TurnTrout comments on What’s Up With Confusingly Pervasive Goal Directedness?

TurnTrout 21 Jan 2022 16:45 UTC
13 points
That part does seem wrong to me. It seems wrong because 10^50 is possibly too small. See my post Seeking Power is Convergently Instrumental in a Broad Class of Environments:
If the agent flips the first bit, it’s locked into a single trajectory. None of its actions matter anymore.
But if the agent flips the second bit – this may be suboptimal for a utility function, but the agent still has lots of choices remaining. In fact, it still can induce $(n \times n)^{T - 1}$ observation histories. If $n = 100$ and $T = 50$ , then that’s $(100 \times 100)^{49} = 10^{196}$ observation histories. Probably at least one of these yields greater utility than the shutdown-history utility.

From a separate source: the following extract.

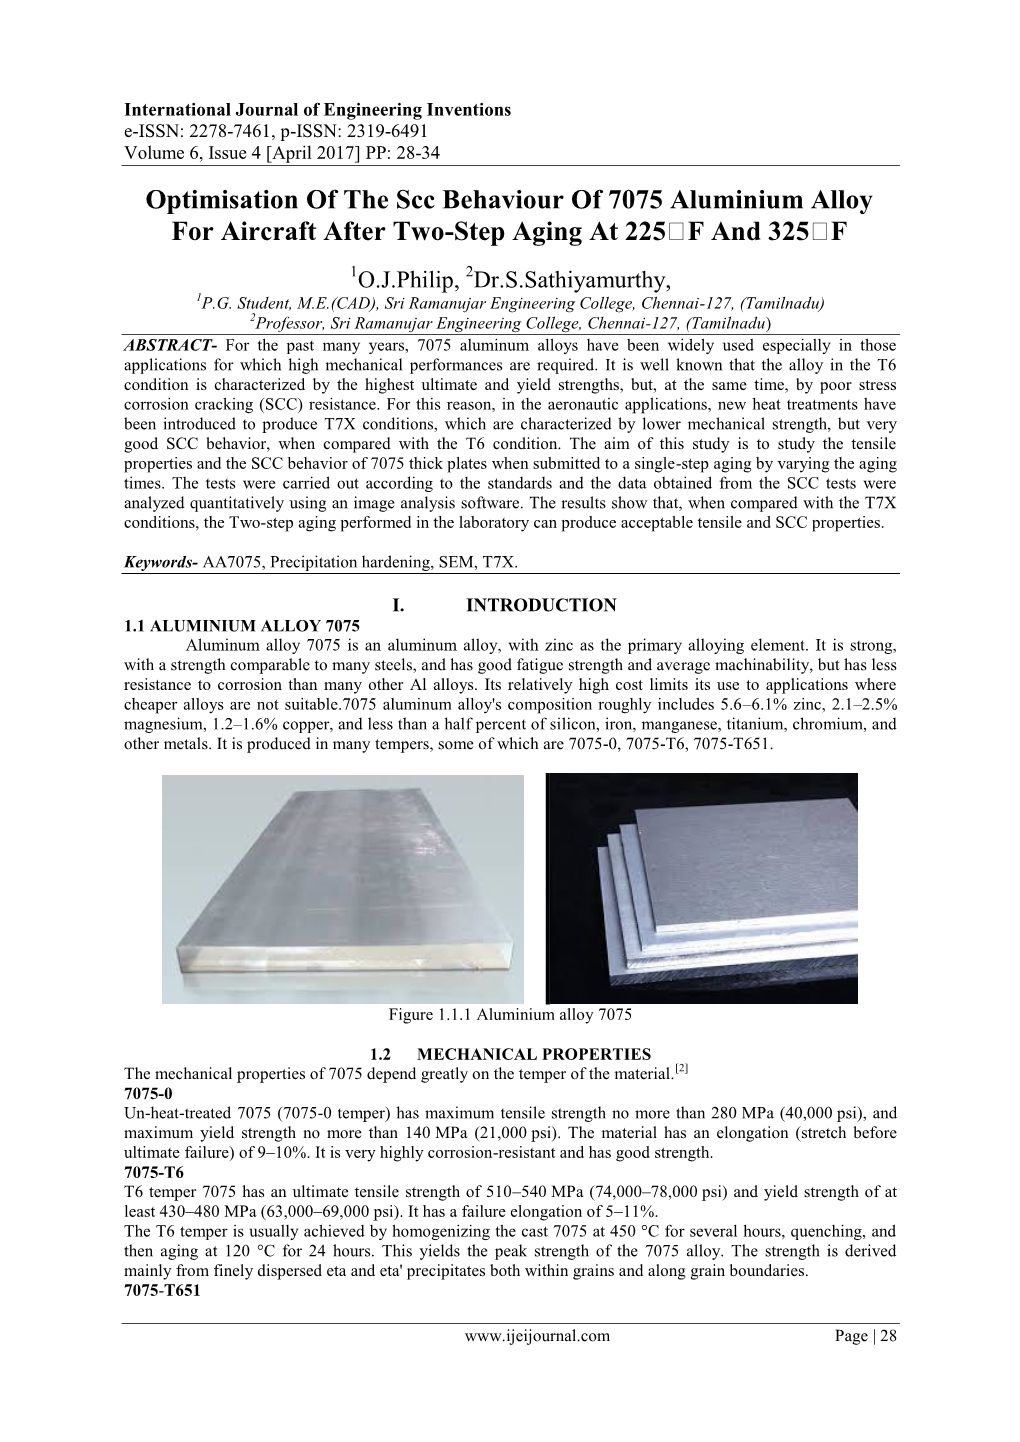 Optimisation of the Scc Behaviour of 7075 Aluminium Alloy for Aircraft After Two-Step Aging at 225˚F and 325˚F
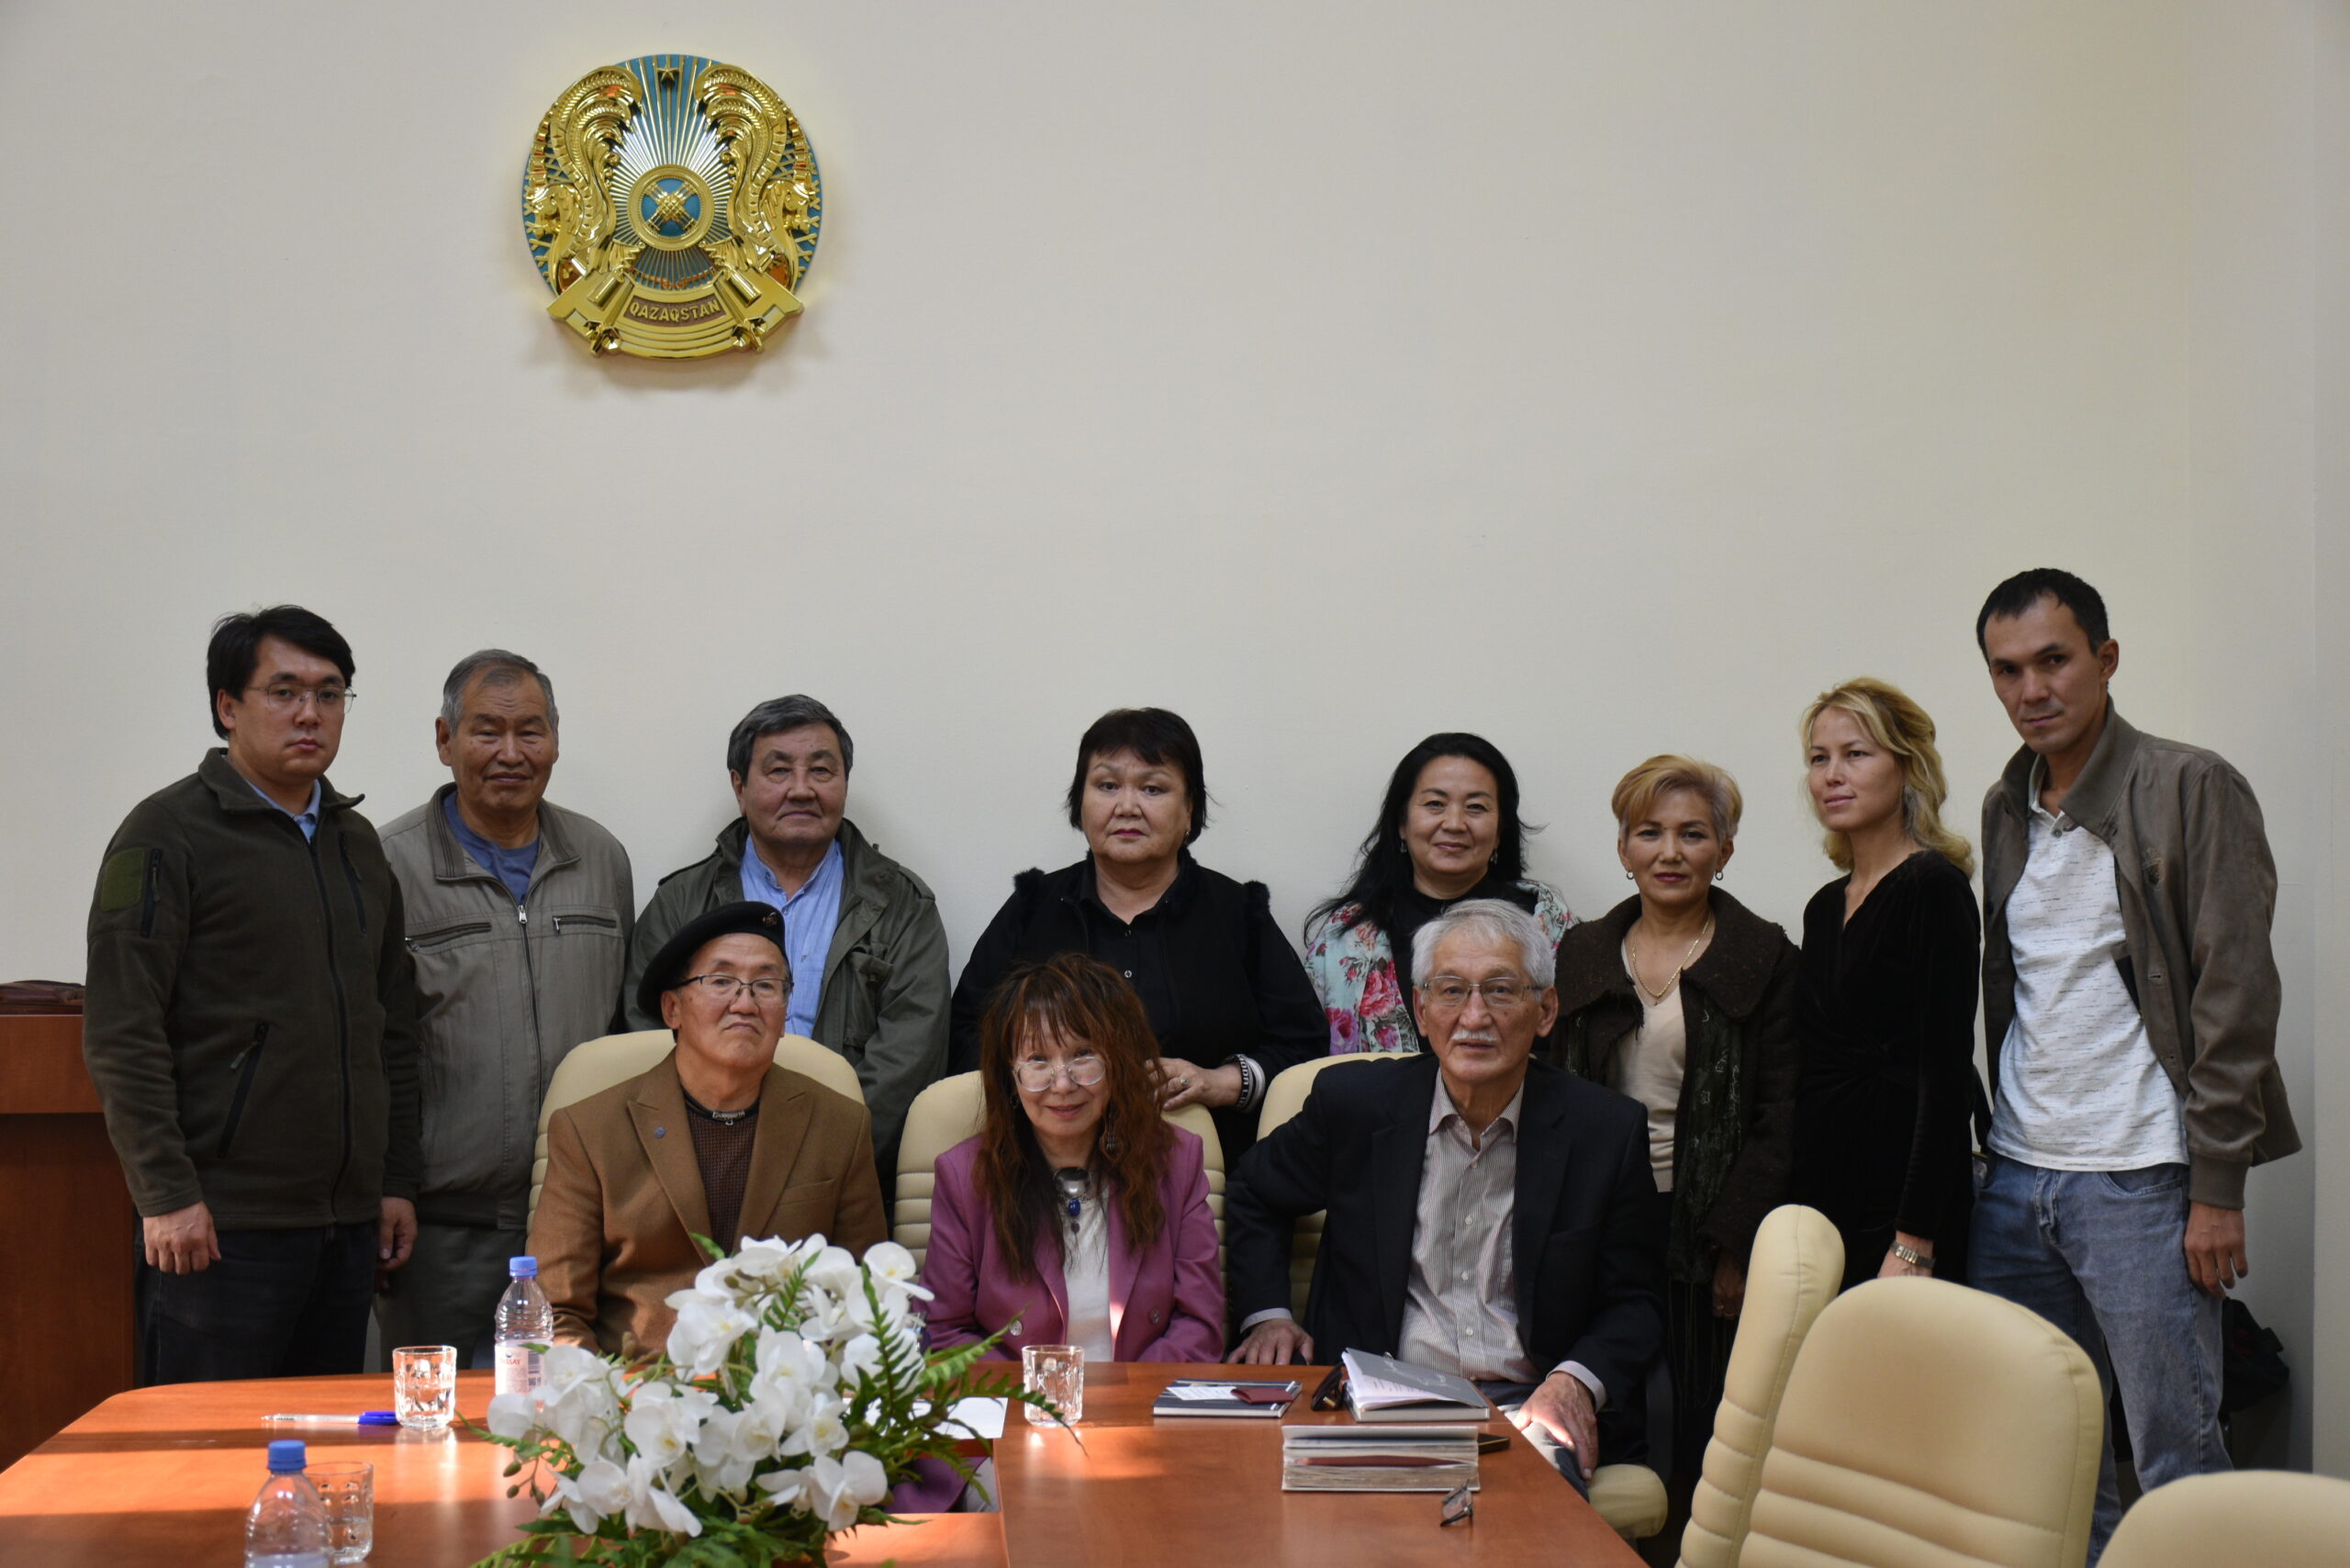 MEETING-SEMINAR WITH FIGURES OF SCIENCE AND CULTURE OF THE REPUBLIC OF SAKHA (RUSSIA, YAKUTIA)

And indeed, we can apply the scaling law for instrumental convergence to conclude that for every u-OH, at least $\frac{10^{196}}{10^{196} + 1}$ of its permuted variants (weakly) prefer flipping the second pixel at $t = 1$ , over flipping the first pixel at $t = 1$ .
$\frac{10^{196}}{10^{196} + 1} .$
Choose any atom in the universe. Uniformly randomly select another atom in the universe. It’s about $10^{117}$ times more likely that these atoms are the same, than that a utility function incentivizes “dying” instead of flipping pixel 2 at $t = 1$ .
(For objectives over the agent’s full observation history, instrumental convergence strength scales exponentially with the complexity of the underlying environment—the environment in question was extremely simple in this case! For different objective classes, the scaling will be linear, but that’s still going to get you far more than 100:1 difficulty, and I don’t think we should privilege such small numbers.)